Rachel Bradley was devised by writer Mike Bullen as one of the two central characters in the pilot episode of Cold Feet, the other being Adam Williams.

Helen Baxendale, then popularly known for her starring role as Dr Claire Maitland in the BBC medical drama Cardiac Arrest, became available halfway through the casting process of the pilot, and was invited to audition. Baxendale was initially reluctant to read for the role, as she believed that she would not be able to give a good comic performance. Executive producer Andy Harries persuaded her that she had already performed black comedy in Cardiac Arrest, and so would be well-suited to the part of Rachel. Producer Christine Langan described Baxendale as "perfect for the idolized Rachel" and her reading with Nesbitt as having "unmistakable chemistry". Hermione Norris also auditioned for the role, but Baxendale was eventually cast.

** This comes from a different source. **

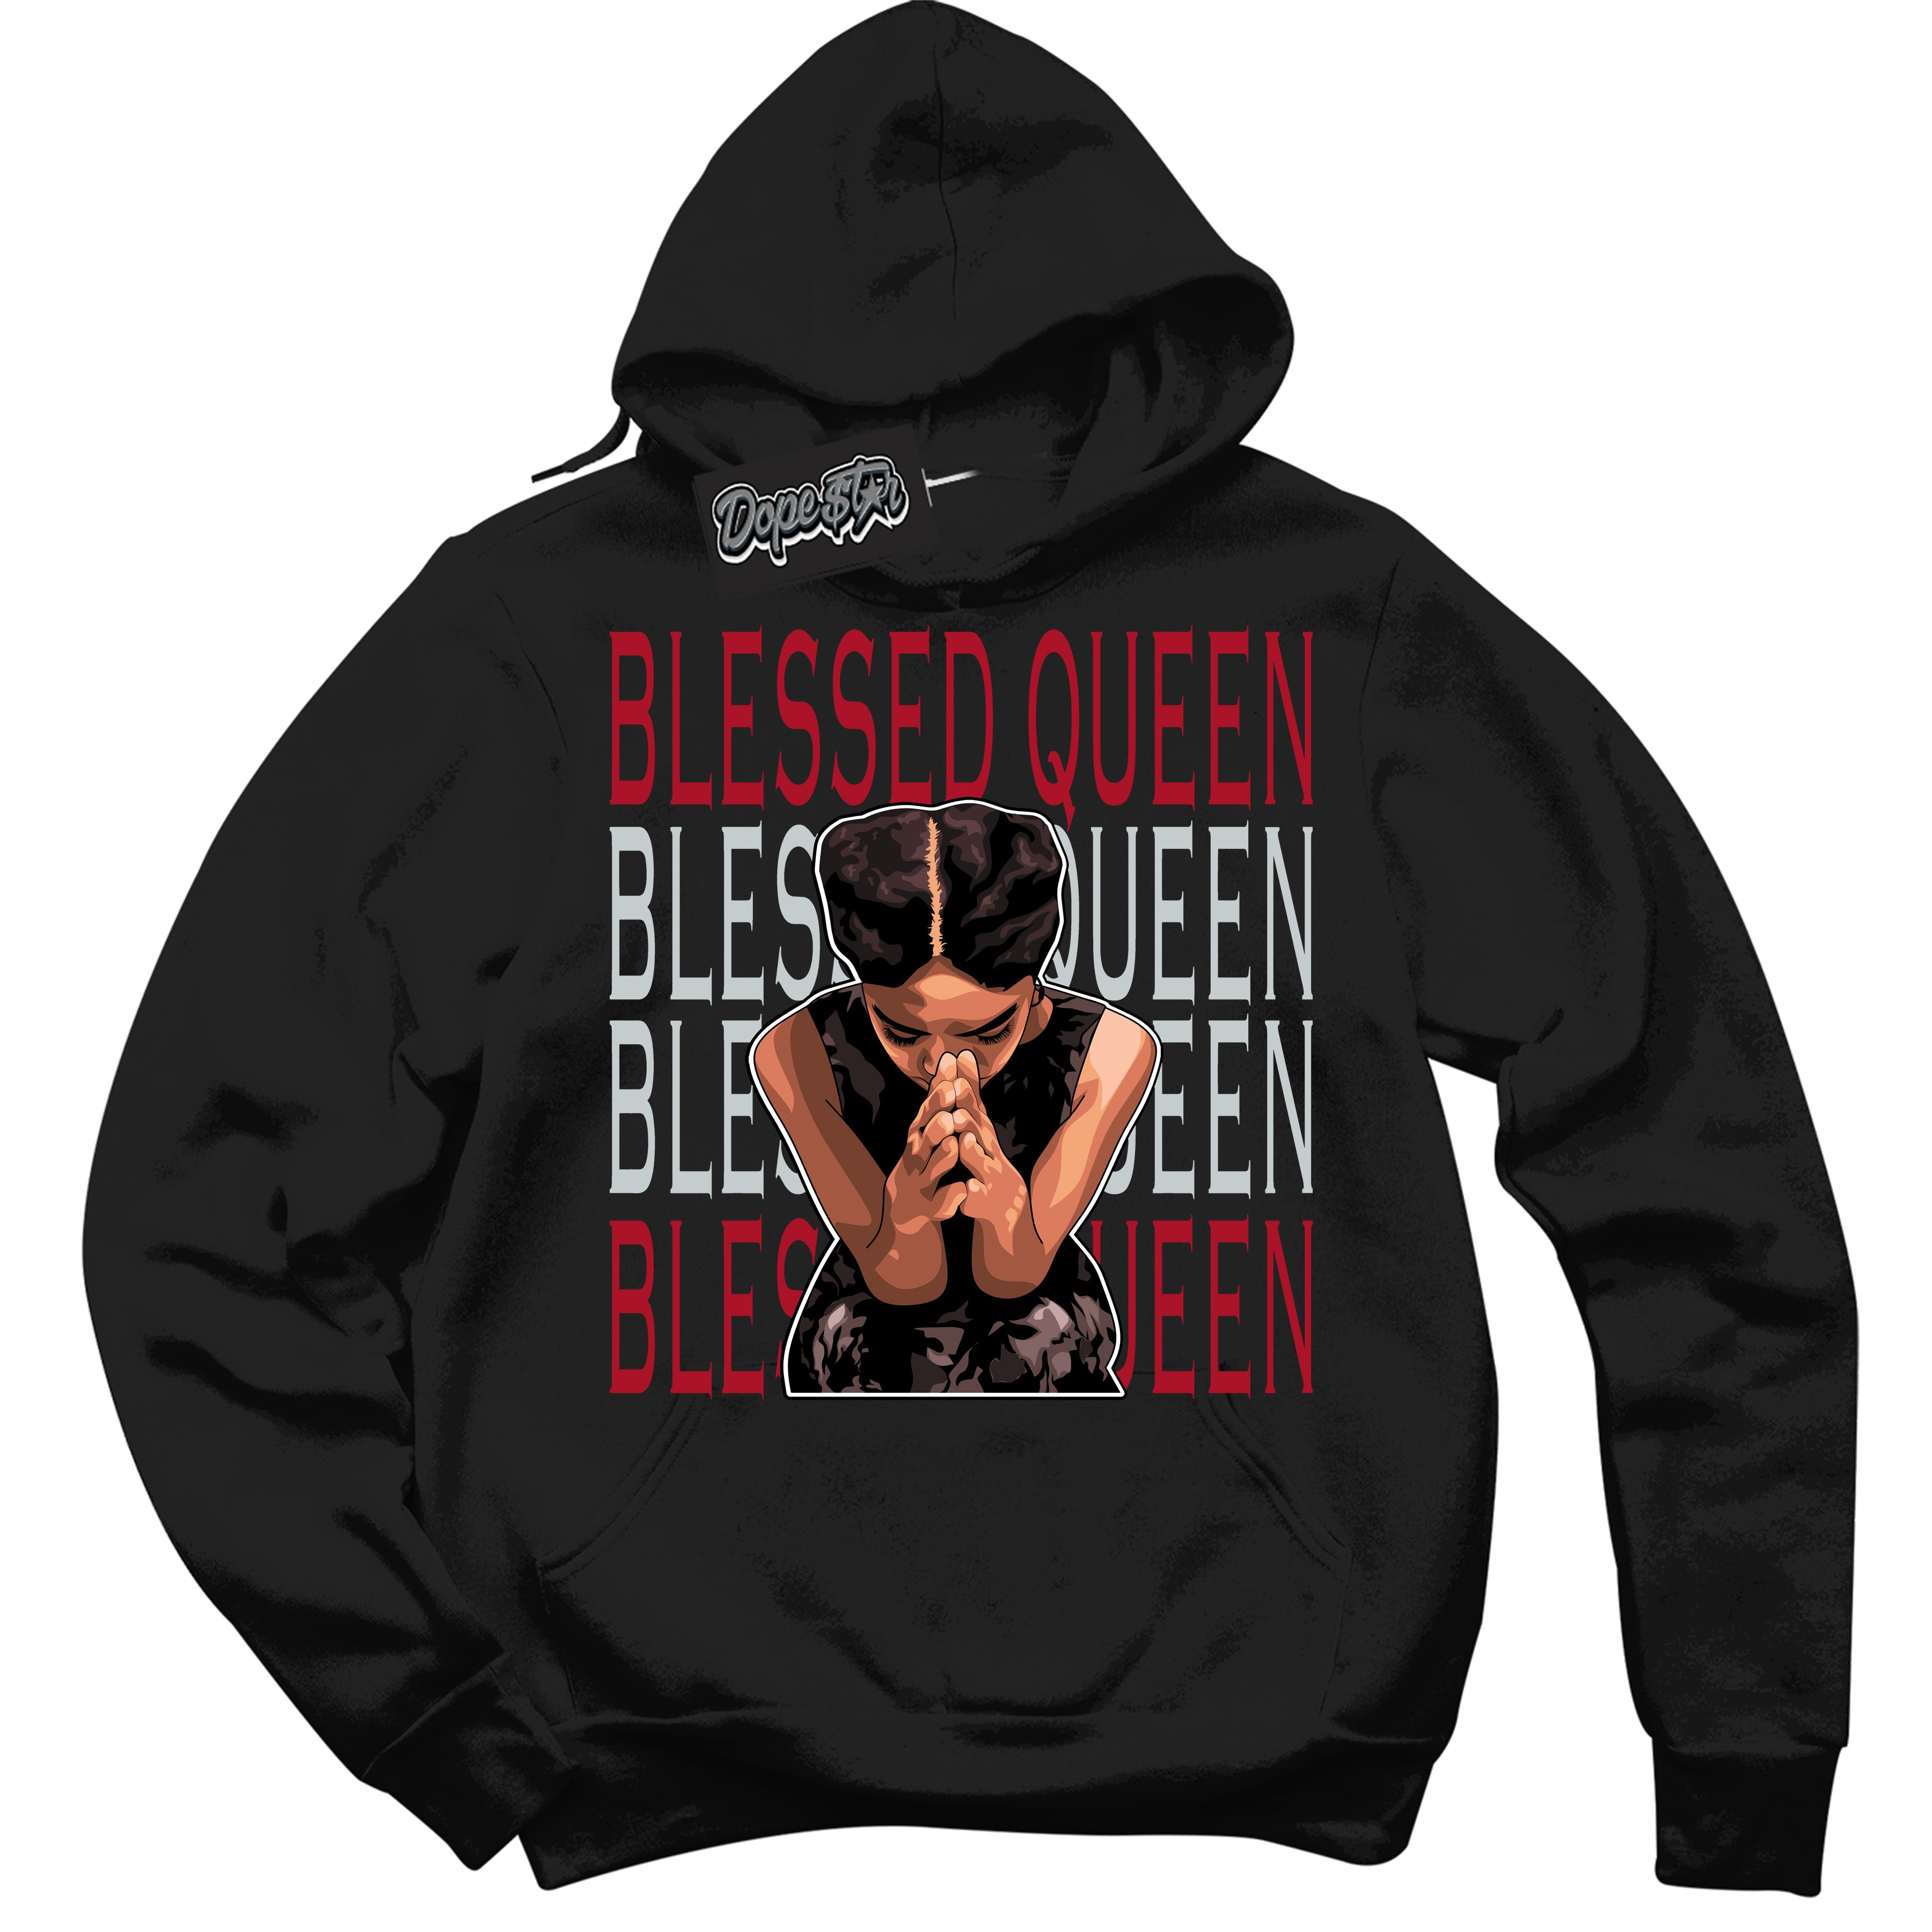 Cool Black Hoodie with “ Blessed Queen ”  design that Perfectly Matches  Reverse Ultraman Sneakers.

By the time of the third series, Baxendale's initial concerns had gone and she felt comfortable acting with the comic actors. Speaking retrospectively, she found Rachel difficult to play:

I was playing the nice girl. It's really hard to play. All the other characters came from somebody and I said to Mike [the writer], 'Where do I come from?' And he said, 'You were the fantasy girl.' I found it hard to make anything of that. In the end I felt the only thing I could do was to make it as hyper real as I could. I'm not a natural comedienne.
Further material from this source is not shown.